Okay, I'm gossipping. But honestly, this is behavior well deserving of a literary bitch slap. So there it is. His talk was essentially a summary of his argument in The New Testament Code, with emphasis on his claims to have found secrets to the history of the church in the writings of Josephus, whom he claims actually speaks frequently of the Chrisian Paul under the name Saul (a prominent Jewish ambassador whom Josephus often talks about), and other such claims that IMO are no less fringe than anything you might hear from Earl Doherty or Joseph Atwill. I got the distinct impression (reminiscent of Acts 26:24) that he's become passionately seduced by an elaborate retrofitting fallacy as a consequence of reading the Dead Sea Scrolls one (hundred thousand) too many times. But that's just me.


How much should we trust Eisenman to reflect what's undisputed in scholarship regarding Josephus? Jon recently wrote the following about the biases of scholars. He was trying to explain why even liberal scholars disagree with him:

Personally, I think these liberals may want to believe the Bible is true more than you know. For many Jesus is this feminist liberal crusader. Do you think maybe these liberals want him to be that? They don't want Jesus to be a mythical character, because then they can't invoke his example as if it is something we should emulate.

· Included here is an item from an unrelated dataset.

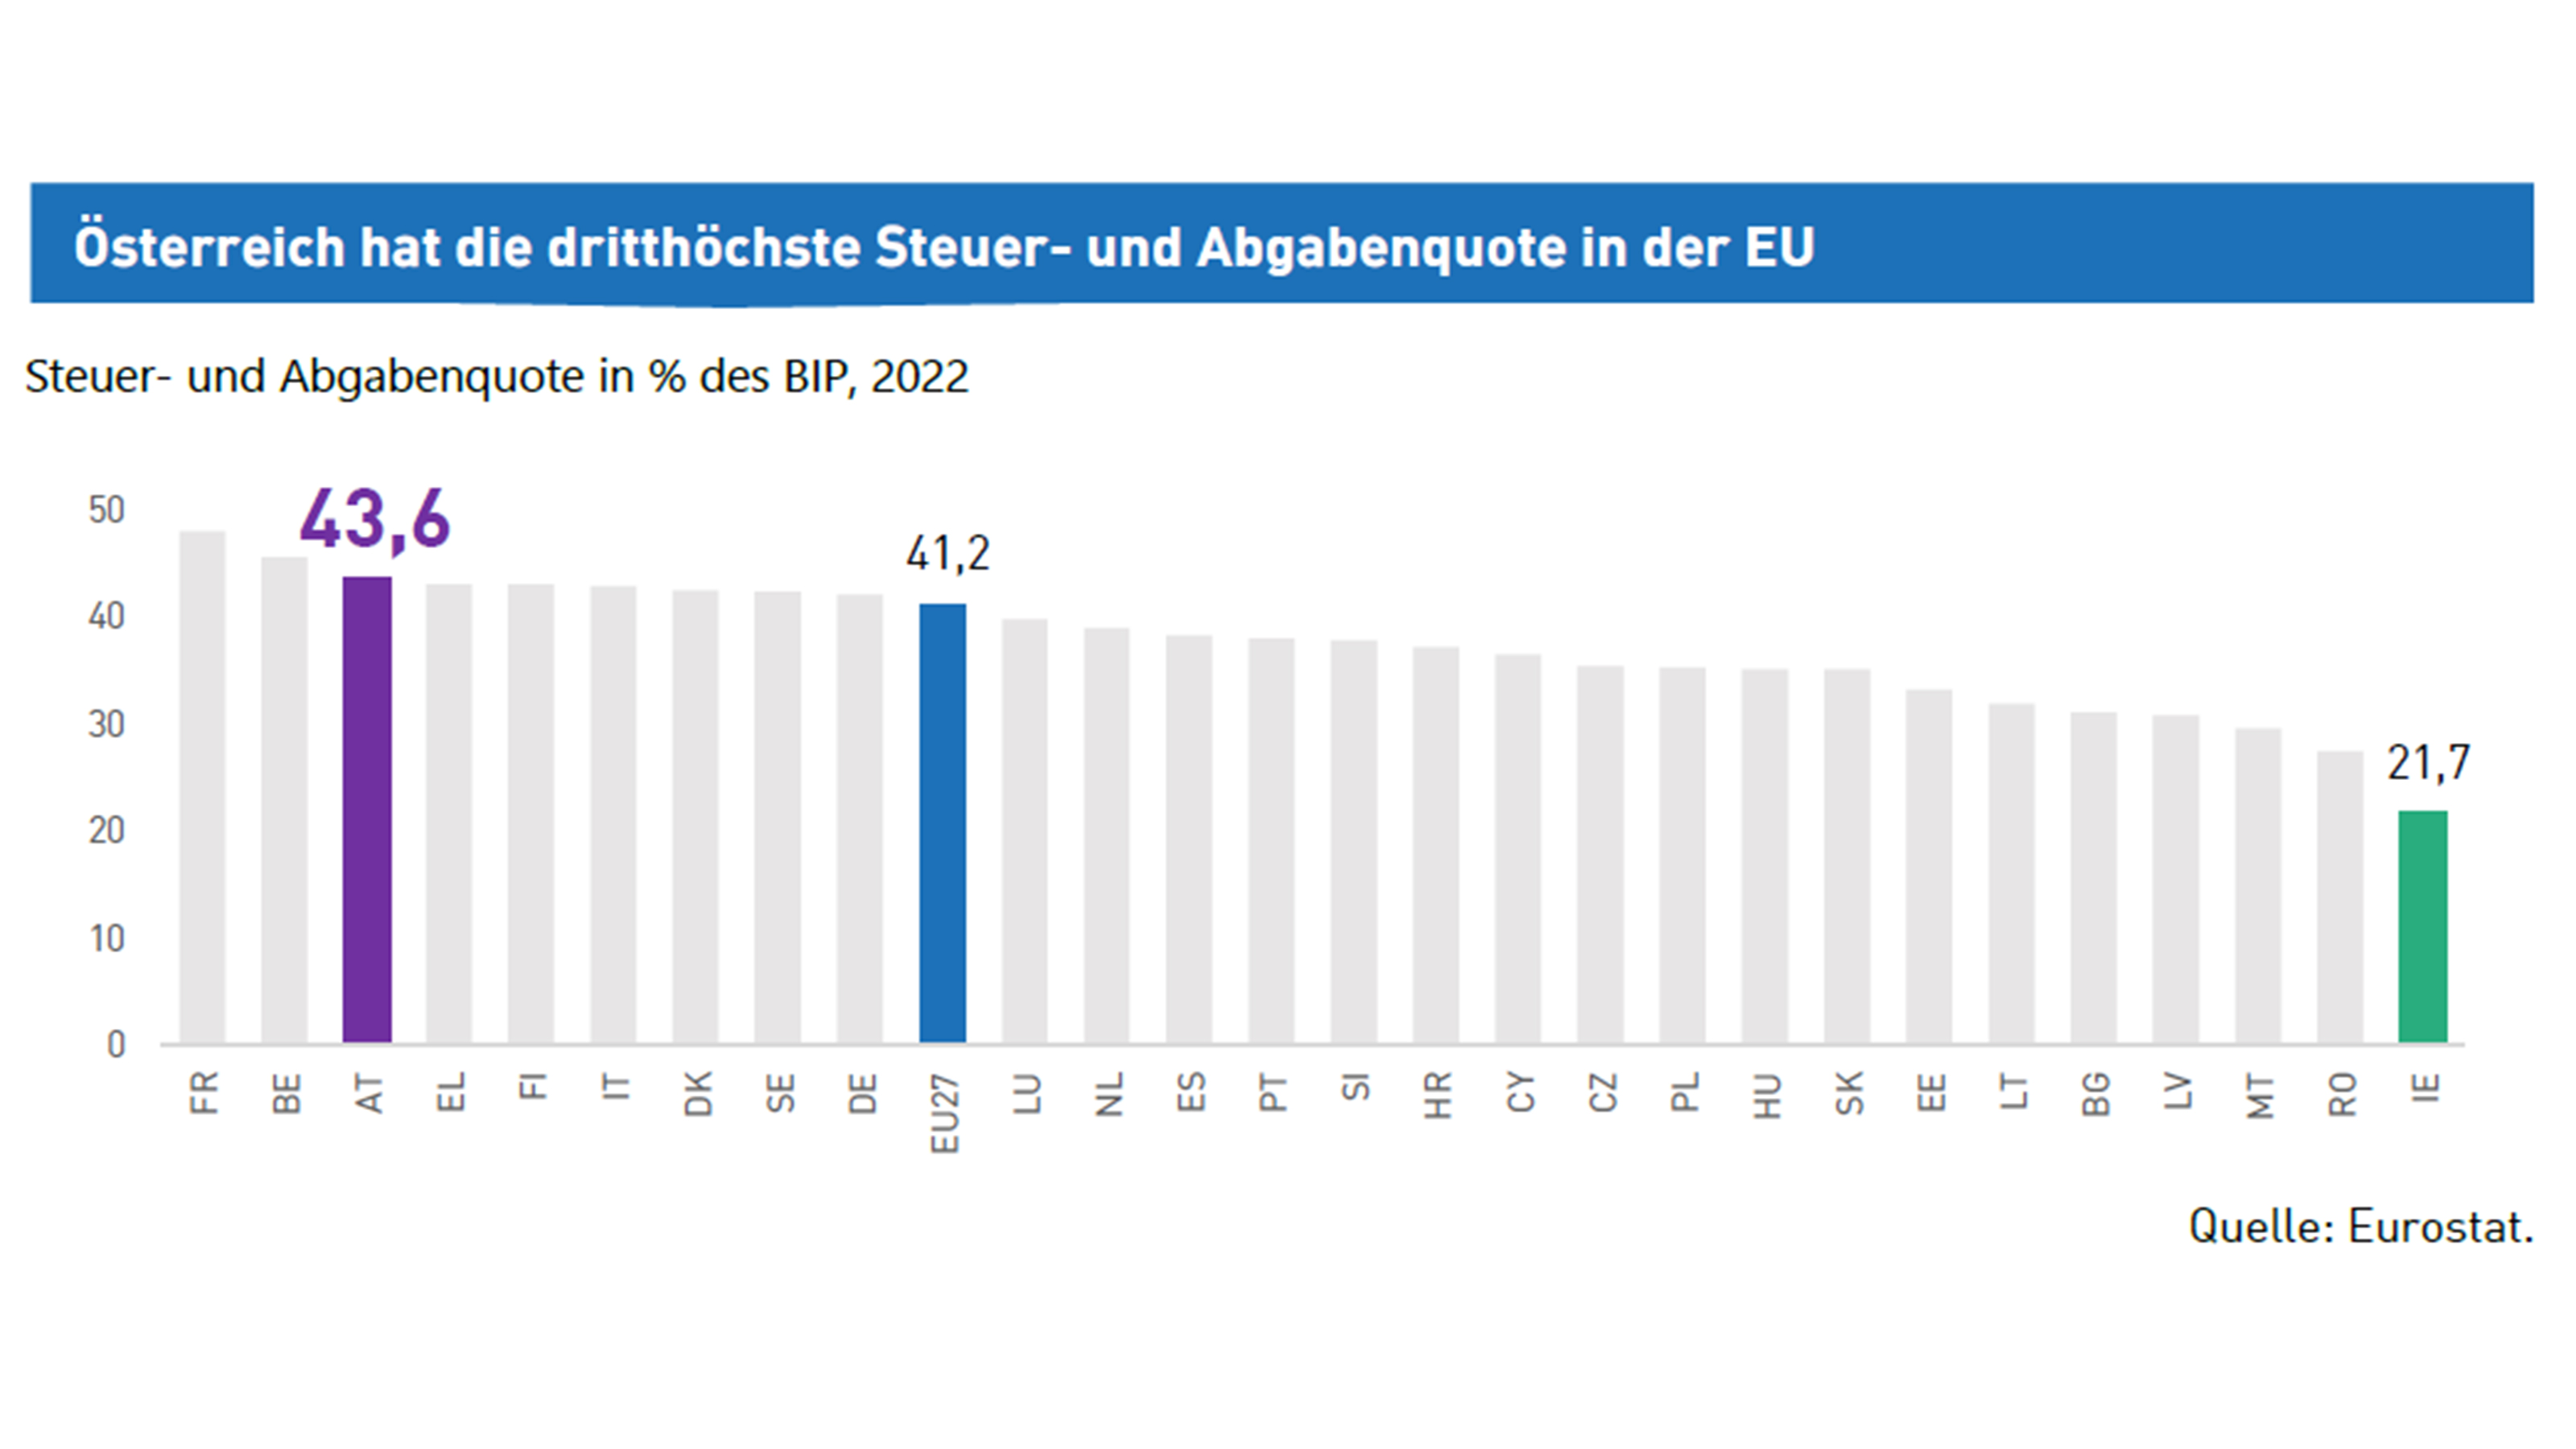 Diagramm Österreich hat die dritthöchste Steuer- und Abgabenquote in der EU, Zahlen 43,6, 41,2  und 21,7 farblich hervorgehoben, Quelle Eurostat

If Eisenman has a theory involving "finding secrets to the history of the church in the writings of Josephus", might he have an interest in making Josephus seem more reliable and more significant in antiquity than he actually was?

1 comment:

  1. ..."his new book The New Testament Code: The Cup of the Lord, the Damascus Covenant, and the Blood of Christ, which advances the thesis (as far as I can tell--I found the book so rambling and disorganized it was practically impossible for me to follow or understand) that the entire New Testament is a deliberate parody of an equivalent collection of documents at Qumran (plus various consequent theories even stranger still)."

    I'm up to page 750 of his book and it has been a struggle. However, considering the manner in which splinter groups routinely take over and modify the cosmology or retell the narrative of the parent group, Eisenman's thesis is rather routine.